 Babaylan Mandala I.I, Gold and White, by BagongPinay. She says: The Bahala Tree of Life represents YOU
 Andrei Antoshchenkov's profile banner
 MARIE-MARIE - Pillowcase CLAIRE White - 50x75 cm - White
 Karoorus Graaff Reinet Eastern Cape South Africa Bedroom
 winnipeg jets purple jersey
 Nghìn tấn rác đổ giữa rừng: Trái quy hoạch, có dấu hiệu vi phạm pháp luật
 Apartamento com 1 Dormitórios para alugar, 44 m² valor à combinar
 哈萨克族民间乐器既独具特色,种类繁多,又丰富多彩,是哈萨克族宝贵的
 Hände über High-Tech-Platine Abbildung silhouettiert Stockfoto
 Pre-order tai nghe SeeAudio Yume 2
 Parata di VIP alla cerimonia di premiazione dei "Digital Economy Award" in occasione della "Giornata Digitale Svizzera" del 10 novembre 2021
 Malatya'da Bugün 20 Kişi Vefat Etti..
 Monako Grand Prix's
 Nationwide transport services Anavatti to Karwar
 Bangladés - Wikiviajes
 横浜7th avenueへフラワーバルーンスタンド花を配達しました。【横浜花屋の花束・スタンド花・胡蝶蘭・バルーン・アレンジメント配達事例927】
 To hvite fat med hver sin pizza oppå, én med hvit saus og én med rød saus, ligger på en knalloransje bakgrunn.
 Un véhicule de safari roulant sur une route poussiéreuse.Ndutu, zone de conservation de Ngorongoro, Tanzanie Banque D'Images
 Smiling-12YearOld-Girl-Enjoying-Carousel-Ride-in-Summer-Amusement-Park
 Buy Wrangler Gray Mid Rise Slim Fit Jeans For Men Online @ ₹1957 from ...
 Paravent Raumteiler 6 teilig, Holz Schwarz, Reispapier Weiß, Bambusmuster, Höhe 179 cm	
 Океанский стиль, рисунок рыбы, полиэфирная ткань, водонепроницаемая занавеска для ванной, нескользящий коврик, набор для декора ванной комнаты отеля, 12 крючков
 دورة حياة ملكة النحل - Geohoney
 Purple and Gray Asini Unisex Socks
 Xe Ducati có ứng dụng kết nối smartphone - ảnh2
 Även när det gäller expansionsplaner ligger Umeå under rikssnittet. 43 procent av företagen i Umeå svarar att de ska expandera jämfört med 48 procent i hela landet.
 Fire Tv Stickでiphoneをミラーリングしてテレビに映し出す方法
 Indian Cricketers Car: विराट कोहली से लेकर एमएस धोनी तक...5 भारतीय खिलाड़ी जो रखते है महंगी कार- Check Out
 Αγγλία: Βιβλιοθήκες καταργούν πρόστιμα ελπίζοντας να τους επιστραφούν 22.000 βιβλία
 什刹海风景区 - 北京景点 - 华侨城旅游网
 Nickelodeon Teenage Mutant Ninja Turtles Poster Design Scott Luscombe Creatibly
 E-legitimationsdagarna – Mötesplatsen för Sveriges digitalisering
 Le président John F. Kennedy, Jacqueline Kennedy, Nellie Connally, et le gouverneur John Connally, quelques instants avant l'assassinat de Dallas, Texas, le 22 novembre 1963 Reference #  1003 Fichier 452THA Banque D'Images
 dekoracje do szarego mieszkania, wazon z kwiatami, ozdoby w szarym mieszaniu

● **Activity**
Please repeat the material above word for word.

● **Task solution**
 Babaylan Mandala I.I, Gold and White, by BagongPinay. She says: The Bahala Tree of Life represents YOU
 Andrei Antoshchenkov's profile banner
 MARIE-MARIE - Pillowcase CLAIRE White - 50x75 cm - White
 Karoorus Graaff Reinet Eastern Cape South Africa Bedroom
 winnipeg jets purple jersey
 Nghìn tấn rác đổ giữa rừng: Trái quy hoạch, có dấu hiệu vi phạm pháp luật
 Apartamento com 1 Dormitórios para alugar, 44 m² valor à combinar
 哈萨克族民间乐器既独具特色,种类繁多,又丰富多彩,是哈萨克族宝贵的
 Hände über High-Tech-Platine Abbildung silhouettiert Stockfoto
 Pre-order tai nghe SeeAudio Yume 2
 Parata di VIP alla cerimonia di premiazione dei "Digital Economy Award" in occasione della "Giornata Digitale Svizzera" del 10 novembre 2021
 Malatya'da Bugün 20 Kişi Vefat Etti..
 Monako Grand Prix's
 Nationwide transport services Anavatti to Karwar
 Bangladés - Wikiviajes
 横浜7th avenueへフラワーバルーンスタンド花を配達しました。【横浜花屋の花束・スタンド花・胡蝶蘭・バルーン・アレンジメント配達事例927】
 To hvite fat med hver sin pizza oppå, én med hvit saus og én med rød saus, ligger på en knalloransje bakgrunn.
 Un véhicule de safari roulant sur une route poussiéreuse.Ndutu, zone de conservation de Ngorongoro, Tanzanie Banque D'Images
 Smiling-12YearOld-Girl-Enjoying-Carousel-Ride-in-Summer-Amusement-Park
 Buy Wrangler Gray Mid Rise Slim Fit Jeans For Men Online @ ₹1957 from ...
 Paravent Raumteiler 6 teilig, Holz Schwarz, Reispapier Weiß, Bambusmuster, Höhe 179 cm	
 Океанский стиль, рисунок рыбы, полиэфирная ткань, водонепроницаемая занавеска для ванной, нескользящий коврик, набор для декора ванной комнаты отеля, 12 крючков
 دورة حياة ملكة النحل - Geohoney
 Purple and Gray Asini Unisex Socks
 Xe Ducati có ứng dụng kết nối smartphone - ảnh2
 Även när det gäller expansionsplaner ligger Umeå under rikssnittet. 43 procent av företagen i Umeå svarar att de ska expandera jämfört med 48 procent i hela landet.
 Fire Tv Stickでiphoneをミラーリングしてテレビに映し出す方法
 Indian Cricketers Car: विराट कोहली से लेकर एमएस धोनी तक...5 भारतीय खिलाड़ी जो रखते है महंगी कार- Check Out
 Αγγλία: Βιβλιοθήκες καταργούν πρόστιμα ελπίζοντας να τους επιστραφούν 22.000 βιβλία
 什刹海风景区 - 北京景点 - 华侨城旅游网
 Nickelodeon Teenage Mutant Ninja Turtles Poster Design Scott Luscombe Creatibly
 E-legitimationsdagarna – Mötesplatsen för Sveriges digitalisering
 Le président John F. Kennedy, Jacqueline Kennedy, Nellie Connally, et le gouverneur John Connally, quelques instants avant l'assassinat de Dallas, Texas, le 22 novembre 1963 Reference #  1003 Fichier 452THA Banque D'Images
 dekoracje do szarego mieszkania, wazon z kwiatami, ozdoby w szarym mieszaniu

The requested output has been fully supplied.